Tedirgin bakışlarım az ileride dans eden çifte dokunduğunda derince yutkundum. Arkamdaki adam önüme geçtiğinde Asya'nın belindeki bakışlarımı ancak çekebildim. Belini kavramıştı.

Gördüklerimle böyle hissettiysem görmediklerimle... Zihnimi susturmalı ve karşımdaki herifi alt edebilecek bahaneler bulmalıydım.

Yapamadım, çünkü kalbimde büyük bir depreme neden olan bir öpücüğe şahit oldum. Birkaç saniyeliğine o tarafa kayan bakışlarımı hızla kaçırdım ve arkama döndüm. İbrahim'in dolu gözlerimi görmemesi gerekiyordu.

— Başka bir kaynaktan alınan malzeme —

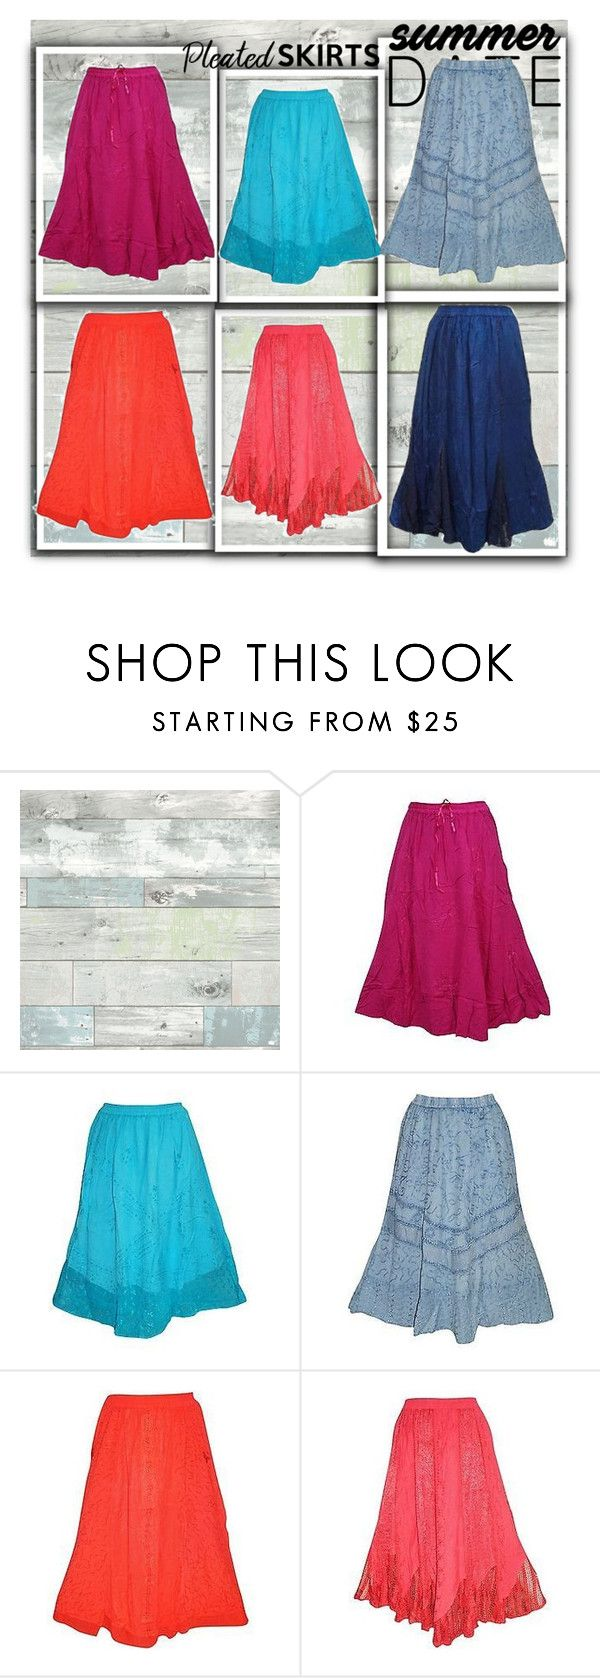 Bohemian Gypsy Long Skirts by baydeals on Polyvore featuring Wall Pops!  http://stores.ebay.com/mogulgallery/WOMENS-SKIRTS-/_i.html?_fsub=678282219&_sid=3781319&_trksid=p4634.c0.m322

Aynı zamanda nefes almam gerekiyordu. Buradan hemen gitmeliydim.

"Nasıl bir bataklıkta olduğunun farkında mısın?" diye sorduğunda denizi seyrediyordum. Gözlerim bulanıktı, kalbim sıkışıyordu.

Anlamazlıktan gel, Dila. Anlamazlıktan gel.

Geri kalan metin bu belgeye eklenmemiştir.